Saturday, April 16, 2011

The Medication rollercoaster

My husband and I didn't want to try medication for Pajama Monster. We were worried about the impact on his developing brain. What if things don't develop as they otherwise would because of the meds? What if he grows to be dependant on them? We stuck it out for a year of therapy before we finally broke down and agreed to see a pediatric psychiatrist. I should note at this point how lucky I feel that there was a pediatric psychiatrist available to us. They're not nearly as common as regular psychiatrists and there are a lot of nuances that they need to know in order to effectively deal with little ones.

What changed our minds? We finally decided to try medication when we felt we'd tried everything else available to us, and when we were certain that we were trying it for Pajama Monster and not to make our own lives easier. It's one thing to use medication to help a child and quite another to use it to avoid having to work hard at consistency, praise, setting limits, rewards, etc. We finally realized that Pajama Monster was starting to be the "bad kid" in different settings, and we began to look at what this would mean for his developing sense of self. What does it do to a person to try their hardest and still always fail, and fail so spectacularly that people don't even want to be around them? How does it feel to constantly elicit negative responses from those around you for something you can't control? I can't force him to live through that, and to begin to see himself as "bad" if there is something, anything I can try to help him.

It has been quite a roller coaster so far, and the ride just goes on and on. I can't tell you how much I want off this ride. The worst part is knowing that there may not be any "off" to the ride. It may be that no med or combination will work. Each time we try a new one we not only have to wait for it to build up to level in Pajama Monster's system, but also for Pajama Monster to be at level long enough for us to see if it's the med or just another mood swing that is creating the change. Our strategy has been to always choose the med with the least side effects that looks like it might work, even if another med might be more likely to work. It makes for slow going, but reduces the risk that we'll end up with a med that is stronger than we need. We've also drawn the line at anything that seems sedating. If Pajama Monster doesn't seem like Pajama Monster anymore, we're just not going to use that med, even if it does settle the fits and mood swings. We meet with the psychiatrist every 4-6 weeks with several e-mail updates in between. It's been a long and heartbreaking ride so far.

Here's our wild medication ride to date:

Prozac: Takes weeks to get up to level in his system. High hopes, but no results. It just didn't seem to make any difference at all, so we discontinued.

Adderall: This helped. It took some tweaking to get the dose right, but at least he seems able to process instructions and consequences. He's still moody, defiant, has fits, etc, but he's a little less wild about the defiance.

Zoloft: Never showed much of a result, but broke out in a splotchy, itchy rash, so discontinued.

Celexa: This seemed like it might help for a little while, then he went absolutely bonkers. we took him off it after a 4 hour stretch in which he destroyed several toys, ripped the ivory off the piano, smeared diaper cream and saline all over the house and his sister, ransacked the diapers, removed and emptied all his dresser drawers, took and hid his sister's food, scratched up the paint on the walls, and was sitting in his room excitedly and very rapidly talking to himself about all of this. I think that's when he used his heat vent to smash holes in the drywall too. not a good fit for him.

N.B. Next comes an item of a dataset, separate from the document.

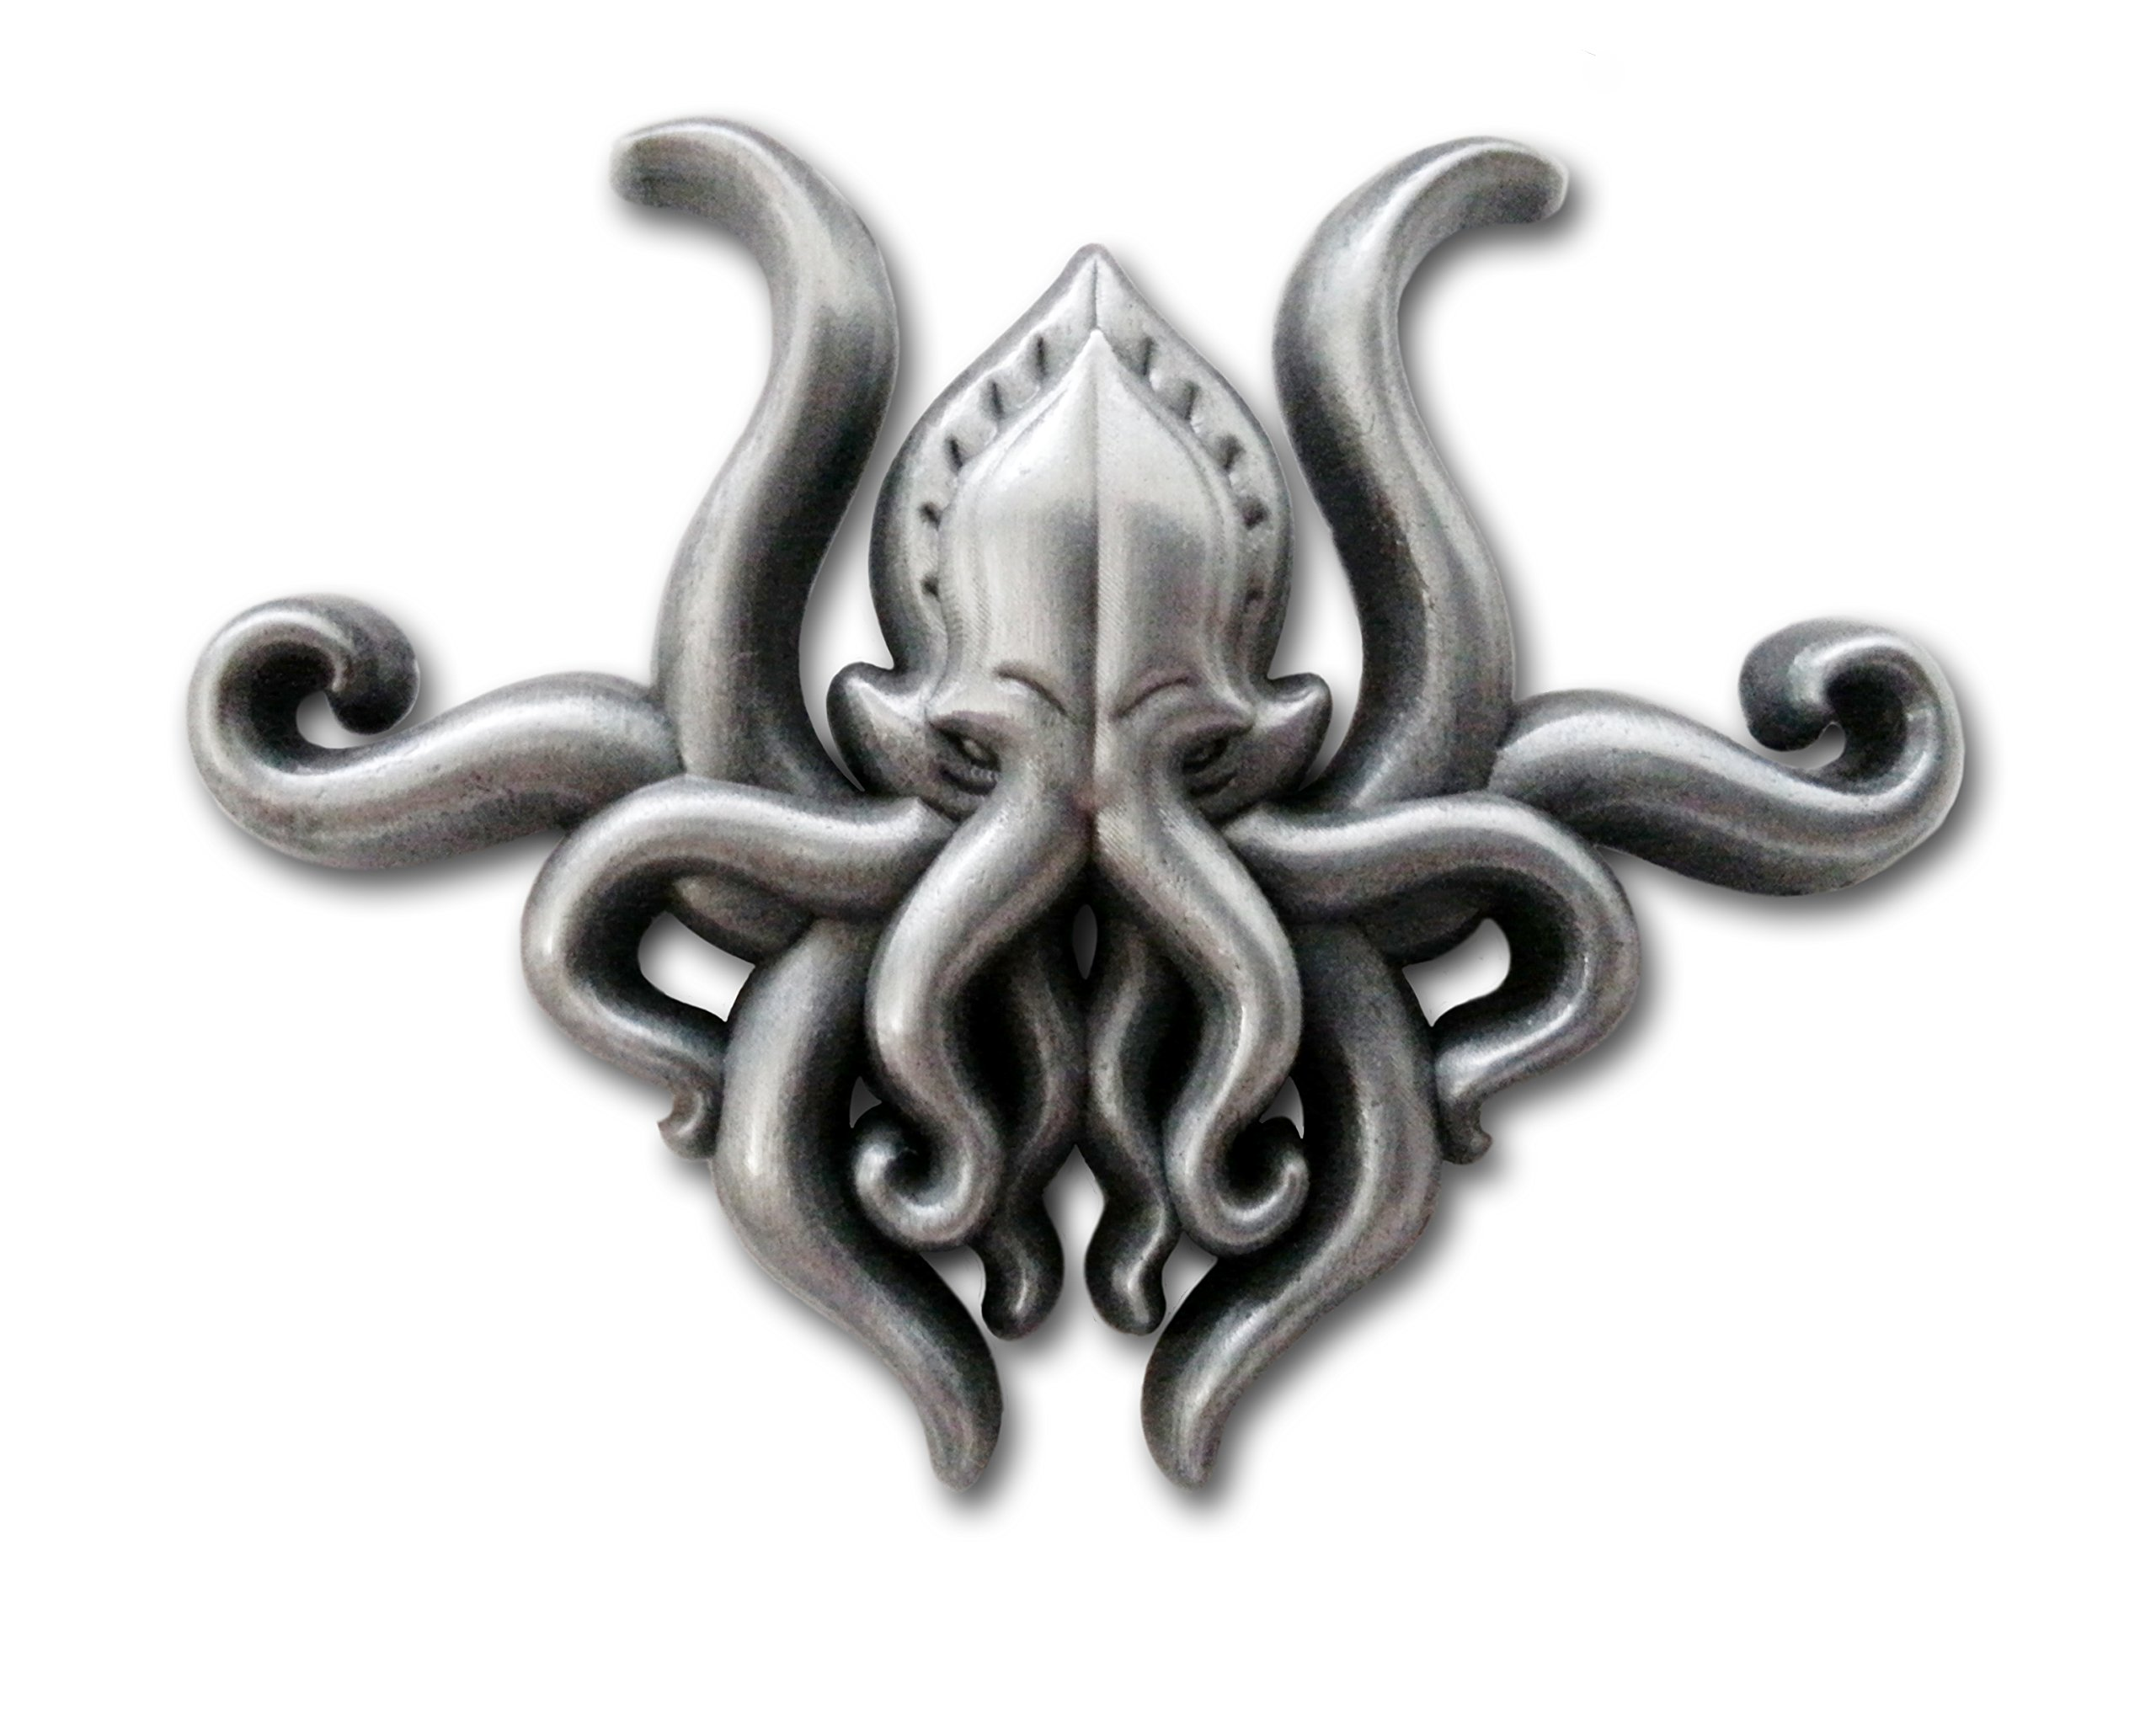 Pinsanity H.P. Lovecraft Cthulhu Lapel Pin

Lamictal: This one started out OK, but rapidly seemed to push him manic as well. We stopped this one after he stabbed his sister in the back of the throat with a fork.

Depakote: This one is sitting on my counter now. We're supposed to begin it Monday and increase in about 5-7 days. It does require a blood draw, which isn't going to please the Pajama Monster, but it seems like the safest med in line that we could try next.

Wish us the best with this one. I really hope, each time that we'll have found the answer. Prayers are always welcome.